When you have the law on your side, hammer away at the law,' the veteran attorney told his junior, 'When you have the facts on your side, hammer away at the facts.'
'Yes, but what does one do if one has neither the facts nor the law to support one's case?'
'Hammer away at the table!'
When Jayendra Saraswati was arrested on the morning of November 12 I thought the Tamil Nadu police must have gathered enough evidence to make a prima facie case, perhaps not enough to get him convicted but sufficient to say that he should be taken into custody.
The first doubts began to emerge when the police began to make its case, and the unspoken thought turned into actual suspicion when K T S Tulsi began trying to revive the ghost of supposed Brahminical prejudice. When a lawyer of his experience speaks of casteism rather than cite hard evidence you know he is hammering on the table.
The Supreme Court put the stamp of its disapproval on the arrest when it chose to grant bail to Jayendra Saraswati. Murder, the deliberate decision to take the life of another human being, is one of the gravest charges in the book, and it should not be granted under normal circumstances to the prime accused in a case. In throwing out all the arguments put forward by Tamil Nadu, the Supreme Court has, in effect, raised a doubt over the validity of the case from beginning to end. Using some of the strongest language I have ever heard from the apex court, their Lordships stated in plain words that there isn't even a prima facie case against Jayendra Saraswati.
But it is an open question if such a botched-up job will ever reach the trial stage. On November 11, the Tamil Nadu police said it sought custody of the Shankaracharya of the Kanchi Kamakoti Peetham because it wanted to interrogate him with a view to filing the chargesheet. Sixty days later, when Tamil Nadu was forced to release him on the Supreme Court's order, there was still no chargesheet -- nor any indication of when one might be filed. Instead, we see the spectacle of a Tamil Nadu administration teetering between vindictiveness and panic.

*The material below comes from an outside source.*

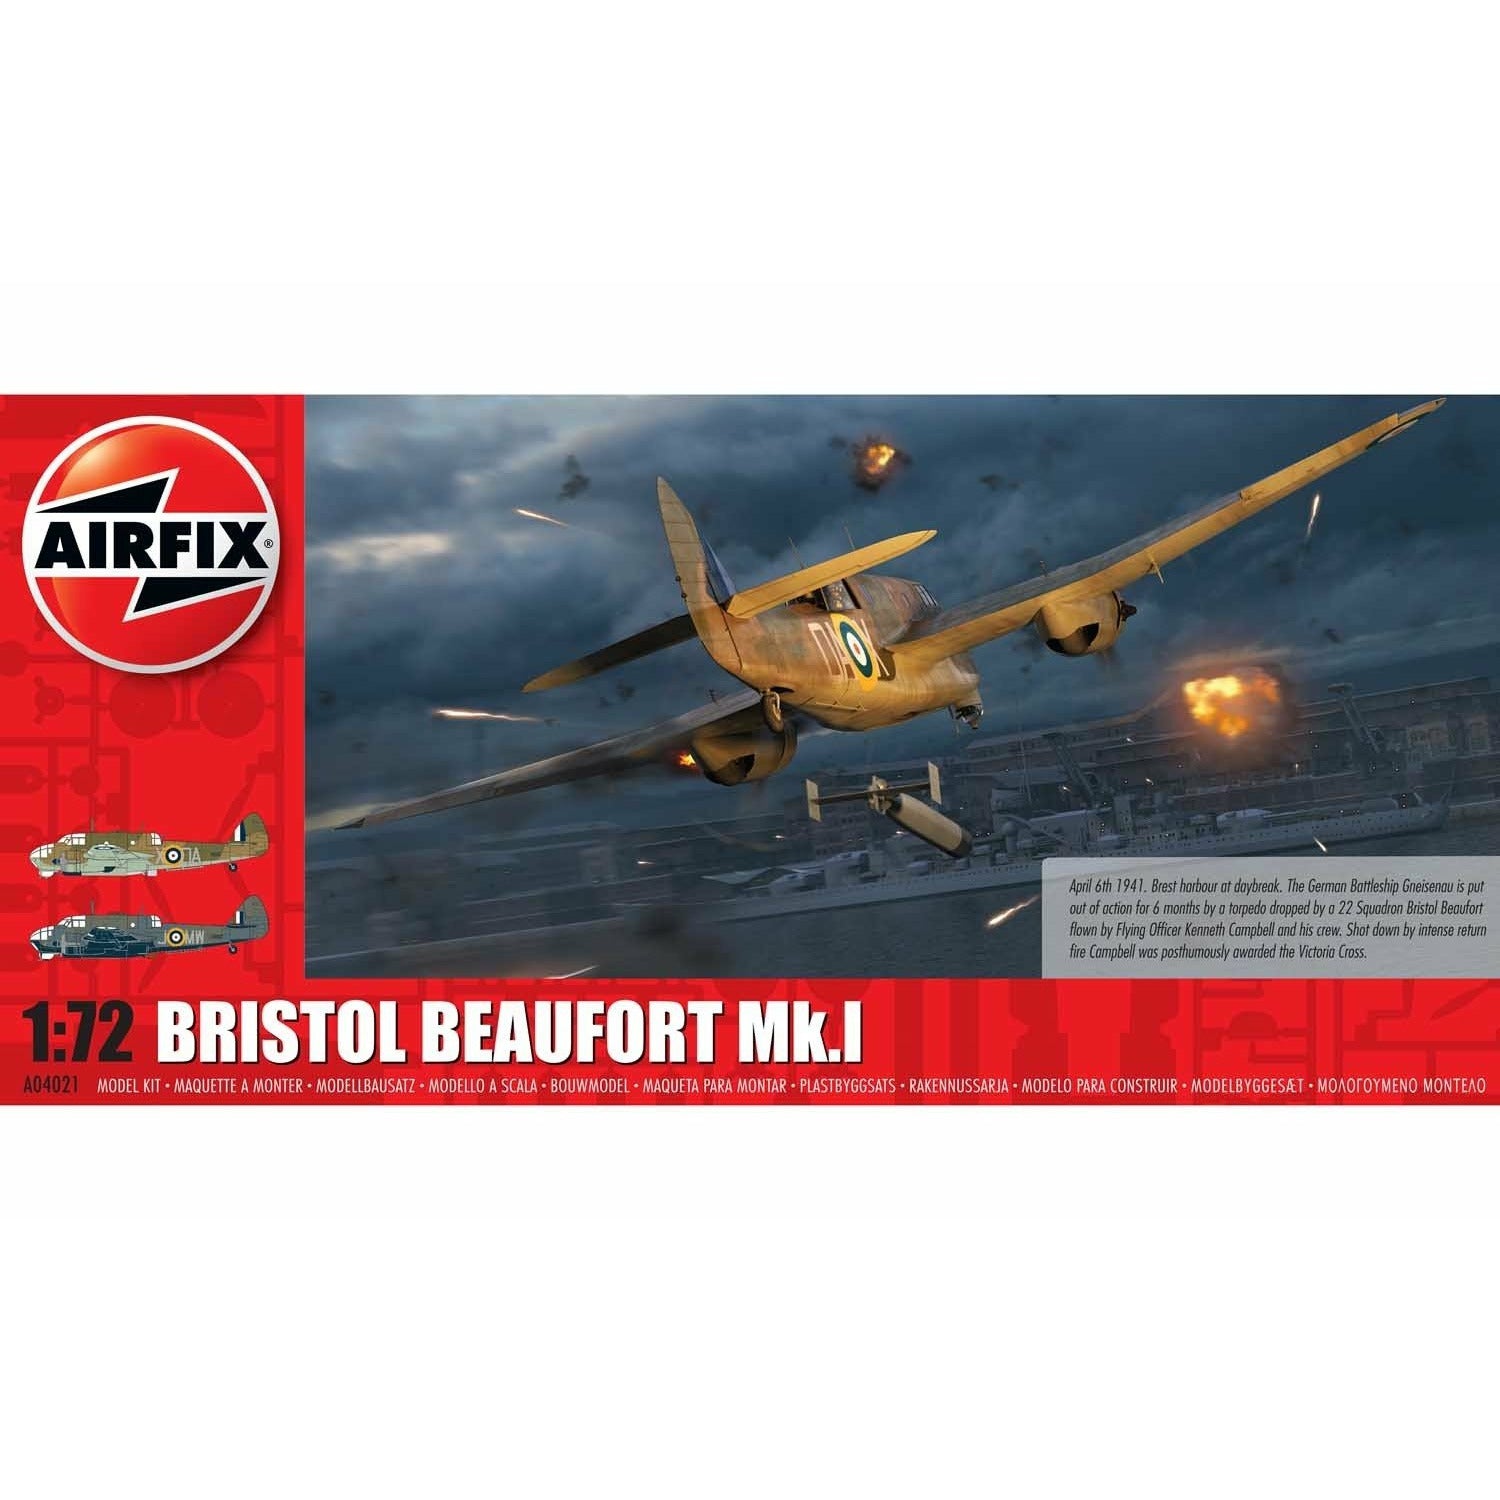 Bristol Beaufort M.K. I 1/72 #04021 by Airfix

The first emotion became apparent when the Tamil Nadu police decided to take Vijayendra Saraswati, the junior Shankaracharya, into custody. The timing is significant, it came mere hours after the order to release Jayendra Saraswati. Vijayendra Saraswati had already been questioned once or twice in the dramatic days following his guru's arrest.
In fact, the Tamil Nadu police themselves had stated that the investigation was complete -- which, ironically, came two days before Vijayendra Saraswati's arrest. Having assured the chief minister that there was 'clinching evidence' of Jayendra Saraswati's complicity -- a claim which she repeated in the Tamil Nadu assembly -- the investigators must now turn around and convince people that it was the hitherto unsuspected junior pontiff who was at fault.
Round Two of the investigation began as badly as Round One. Many people were upset that Jayendra Saraswati had been arrested in the wee hours of Deepavali. His disciple, it turns out, was taken into custody while he was actually performing puja in the Kanchi Mutt. The excuse given in the first instance was that the senior Shankaracharya was getting ready to flee to Nepal in a helicopter. Was there, perhaps, a Star Trek-type teleporter in Kanchi which led to the haste to drag Vijayendra Saraswati away?
The latest move by the government of Tamil Nadu is an appeal to the Supreme Court that Jayendra Saraswati should be kept as far away as possible. Its representative has filed a plea asking that he should be asked to stay away not just from the Kamakoti Peetham, nor even from Tamil Nadu, but from all of South India. In other words, having moved heaven and earth to keep him behind bars the government of Tamil Nadu now thinks it can breathe easier only when the Vindhyas stand between him and them!
What on earth is going on? I used to think that this could be part of an elaborate plan to embroil the DMK courtesy of Appu. To be honest, I didn't take it very seriously upon hearing allegations that the Tamil Nadu authorities were trying to usurp the wealth of the Kanchi Kamakoti Peetham. But with Vijayendra Saraswati behind bars and the attempt to push Jayendra Saraswati out of southern India altogether, I really don't know what to believe.
To my mind, there is, however, an even graver question than the motives of the Jayalalithaa regime -- the unsolved murder of Sankararaman. I know that Jayendra Saraswati's devotees might be so happy at his release that they might forget the actual victim.
But a crime was committed -- sacrilege in fact, since it took place inside the Varadaraja Perumal shrine. Until his murderers are brought to book there can be no full-stop to this case. May one hope that the Tamil Nadu police display somewhat greater efficiency and honesty of purpose henceforward?